The current retail landscape might be littered with store closings and poor sales, but occasionally the industry is graced with some hopeful news. Lately a lot of that is coming from the deep-discount sector, and Dollar General's announced IPO will likely be another success story in that arena.
The Goodlettsville, Tenn.-based retailer's parent, private-equity firm Kohlberg Kravis Roberts & Co., is looking to raise $750 million from the measure. The outfit's timing for this listing is perfect.
During its most recently reported financial quarter, announced June 2, Dollar General posted a same-store sales gain of 13.3 percent, while net income came in at $83 million, up from $5.9 million during the same year-ago period. Earlier this year the company revealed that it's one of the few retailers out there aggressively expanding, with plans to open 450 stores on top of its current army of 8,500 locations.

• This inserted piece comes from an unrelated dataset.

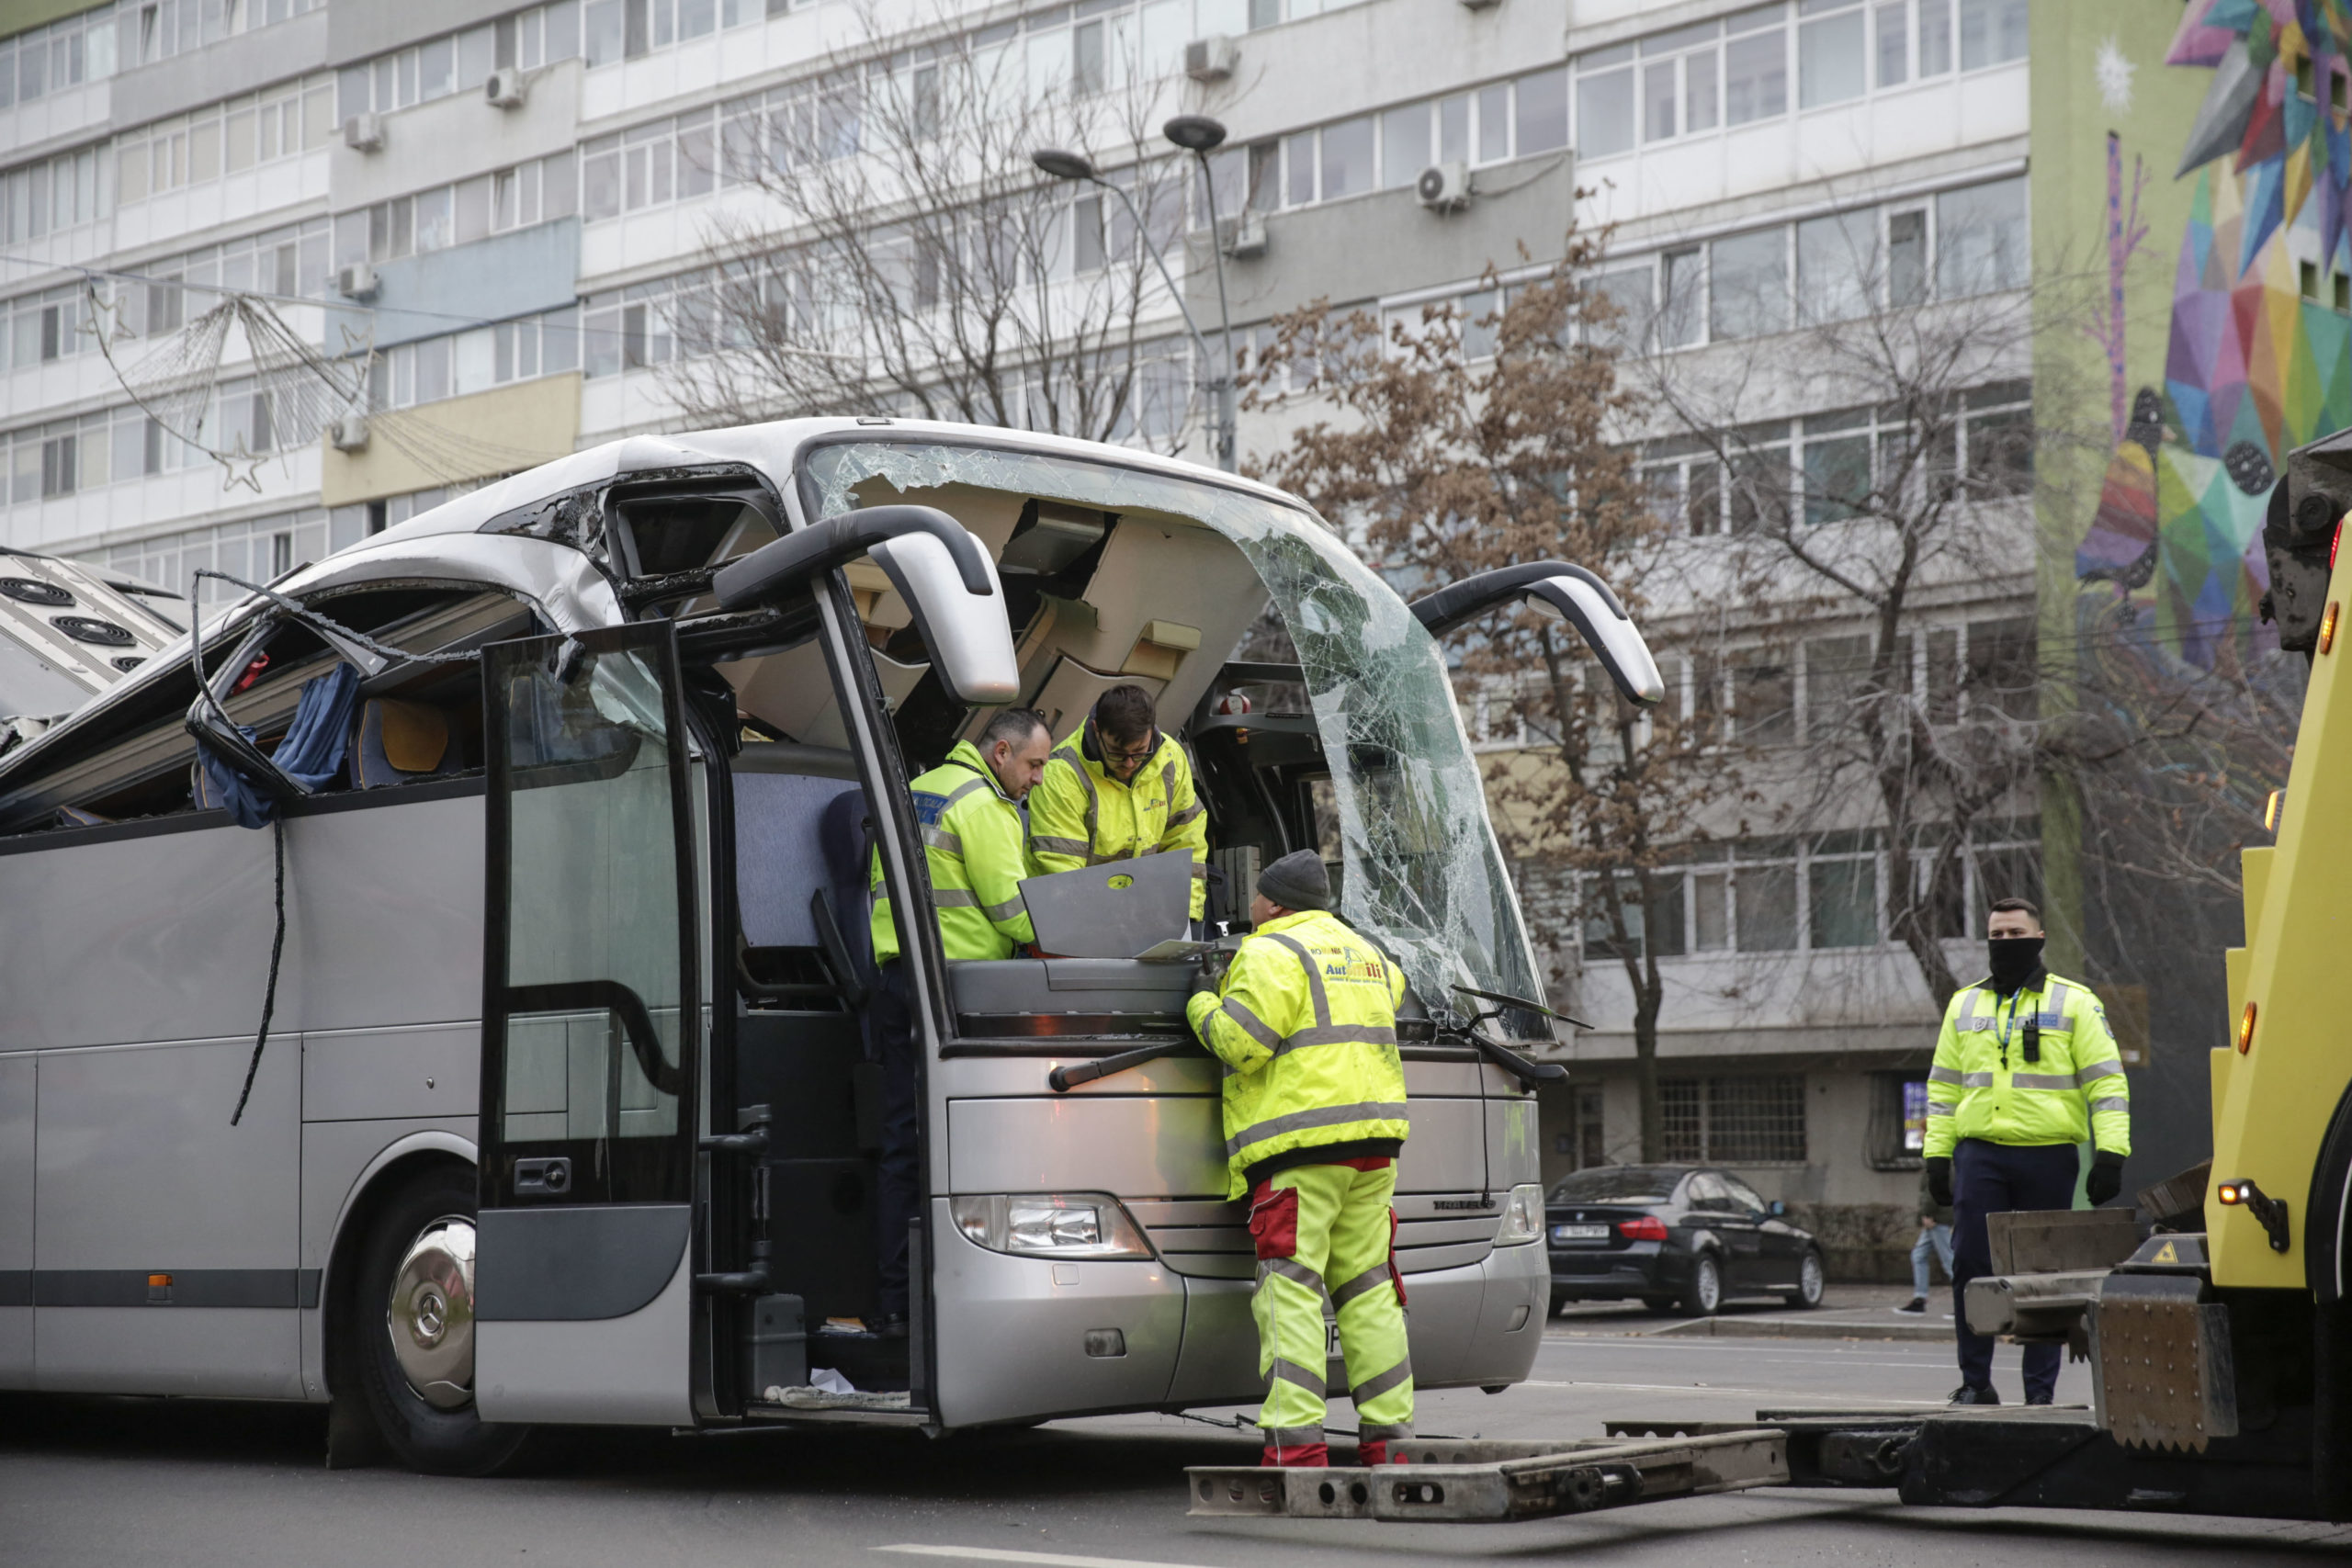 Δυστύχημα στο Βουκουρέστι: Από Βόλο, Λάρισα και Θεσσαλονίκη οι επιβαίνοντες στο τουριστικό λεωφορείο

Dollar General isn't alone in its good fortune during a time when shoppers are looking for bargains. Competitor Family Dollar Stores saw its net income rise 35.5 percent, to $87.7 million during its third quarter. Earlier this month Dollar Tree reported a second-quarter same-store sales gain of 6.8 percent, while net sales grew 11.9 percent, hitting $1.22 billion.
Some observers are concerned about Dollar General's $4.1 billion in debt, mostly amassed when KKR purchased the retailer for $7.2 billion in 2007. But according to a Reuters article, investment firm Renaissance Capital values Dollar General at between $8 billion and $10 billion and says the retailer's niche is a good bet in this economy. "It's a strong cash generator that can perhaps justify such a debt burden," said analyst Matt Therian.
Most importantly, though, is the possibility that the discounter's offering, expected to take place in the fall, could raise investor interest in an industry in need of a boost. And if Dollar General proves successful, private-equity entities might take public two more large retail players, Toys "R" Us and Dunkin' Donuts.